Material shown —
• • • • • • •
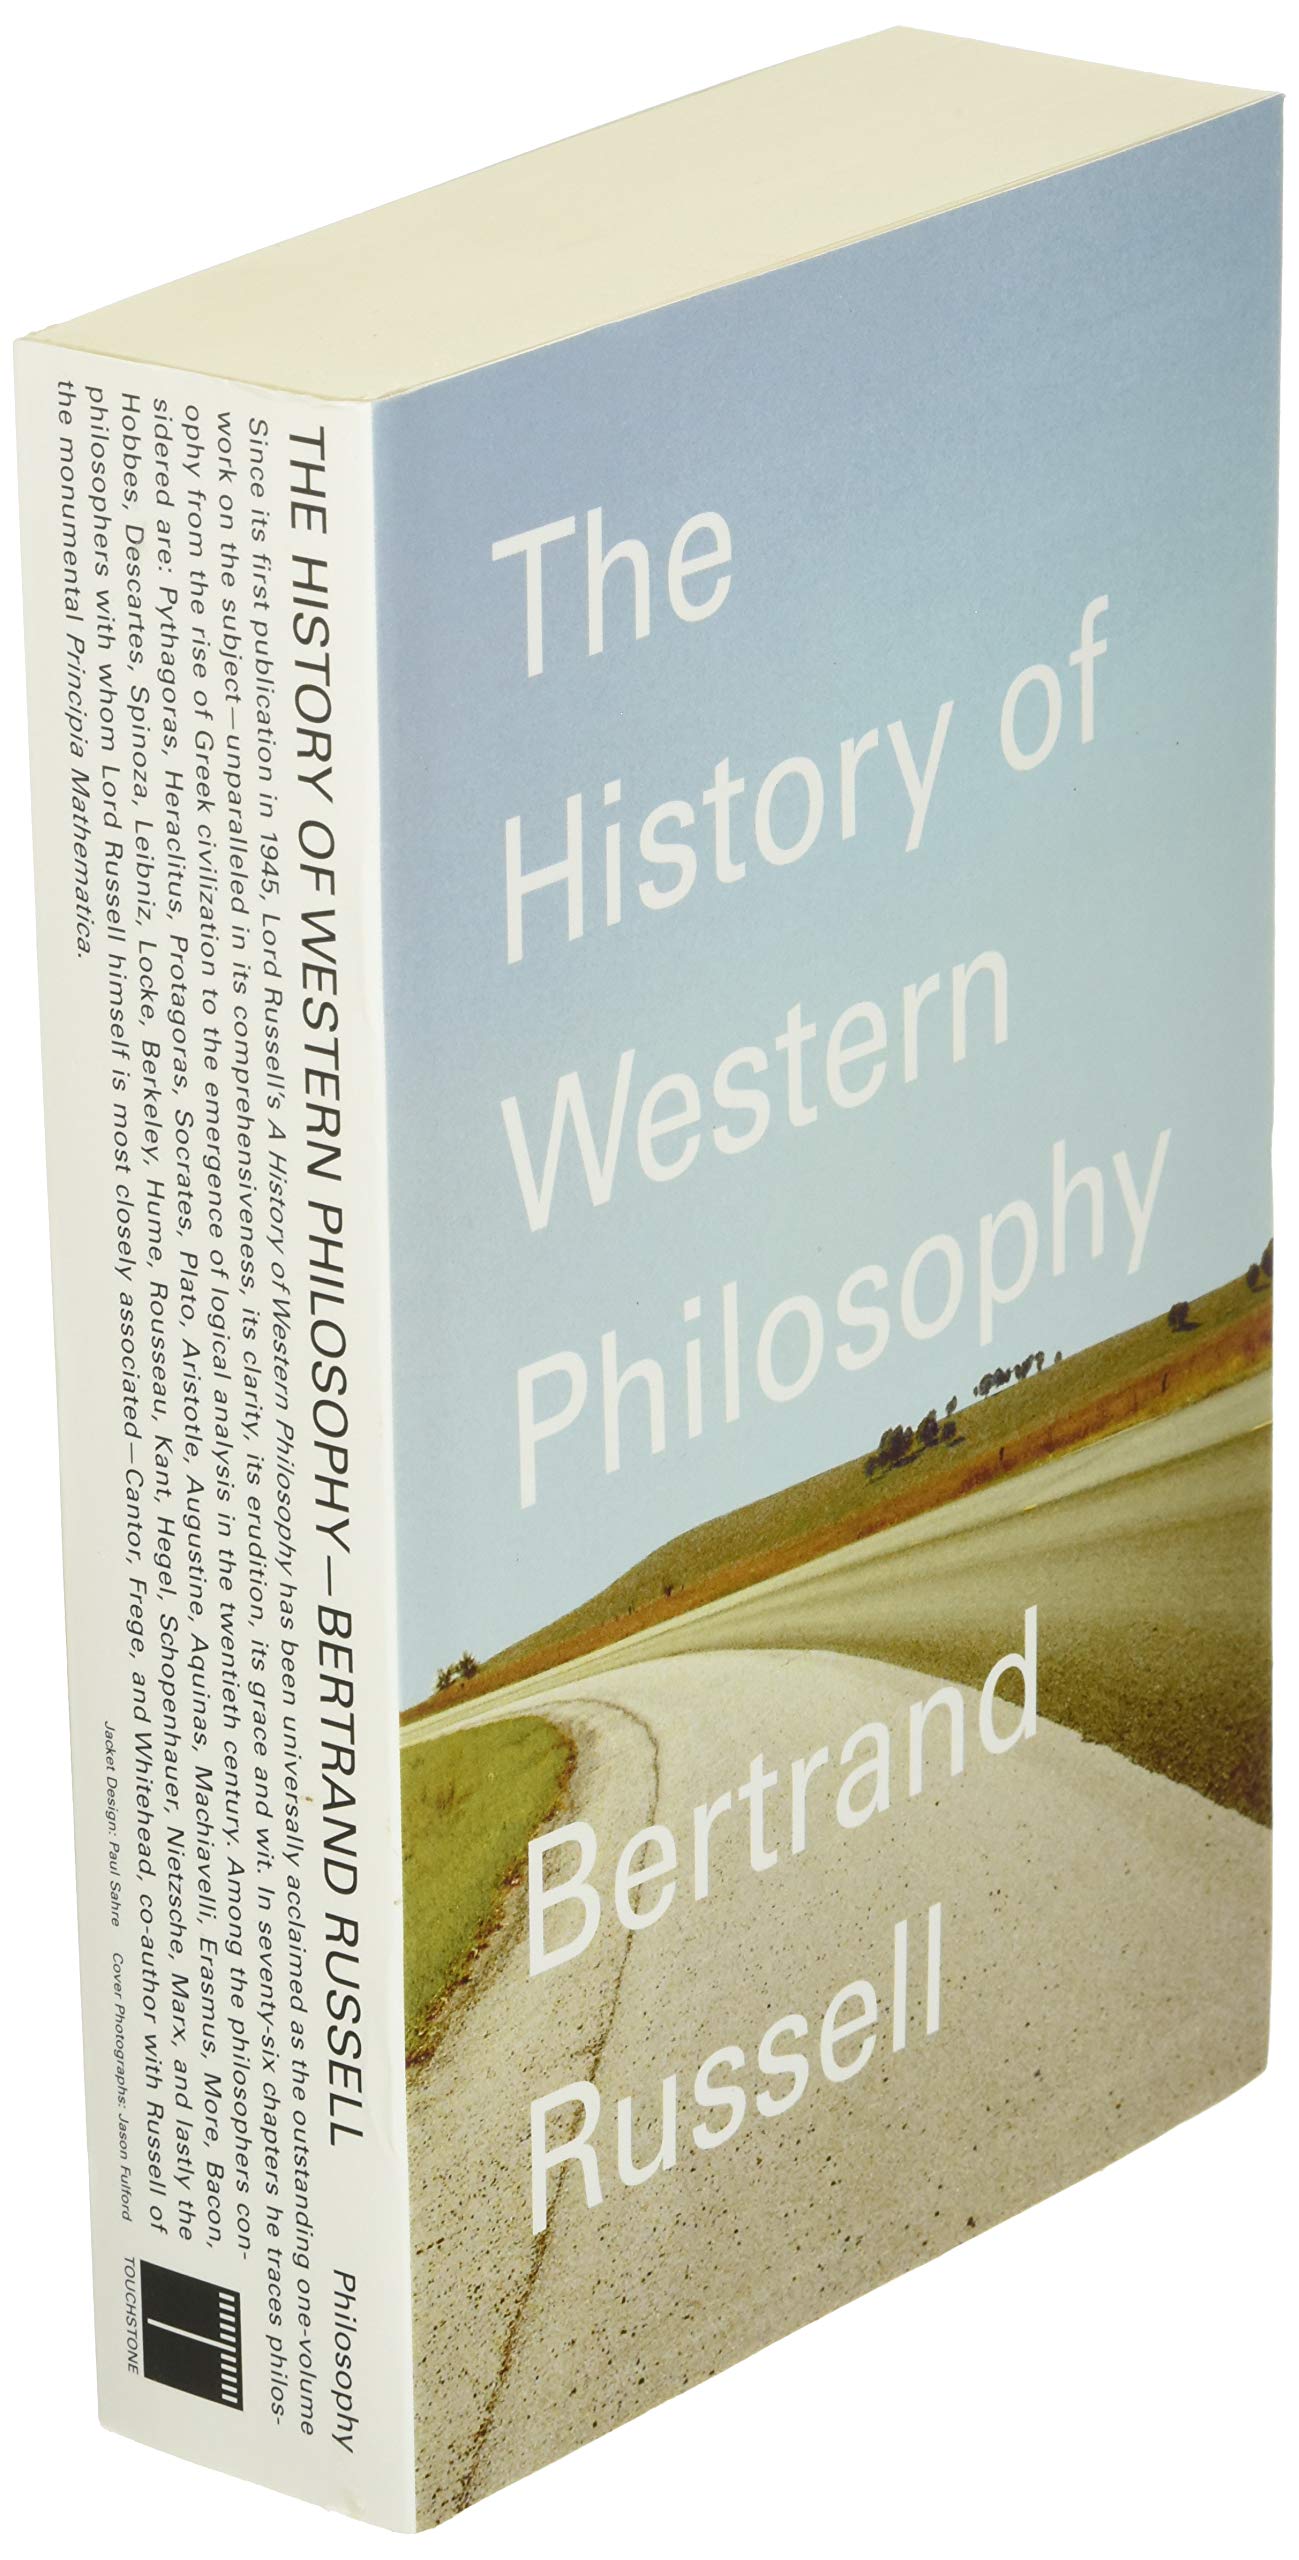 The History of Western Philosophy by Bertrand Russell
• • • • • • •
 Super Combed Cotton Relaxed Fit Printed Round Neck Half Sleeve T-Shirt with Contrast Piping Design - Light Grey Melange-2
• • • • • • •
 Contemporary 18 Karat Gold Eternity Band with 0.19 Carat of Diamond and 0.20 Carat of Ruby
• • • • • • •
Exercise brief — Which lines in the data above hold the string "with"? Return each of them.

Task response —
 Super Combed Cotton Relaxed Fit Printed Round Neck Half Sleeve T-Shirt with Contrast Piping Design - Light Grey Melange-2
 Contemporary 18 Karat Gold Eternity Band with 0.19 Carat of Diamond and 0.20 Carat of Ruby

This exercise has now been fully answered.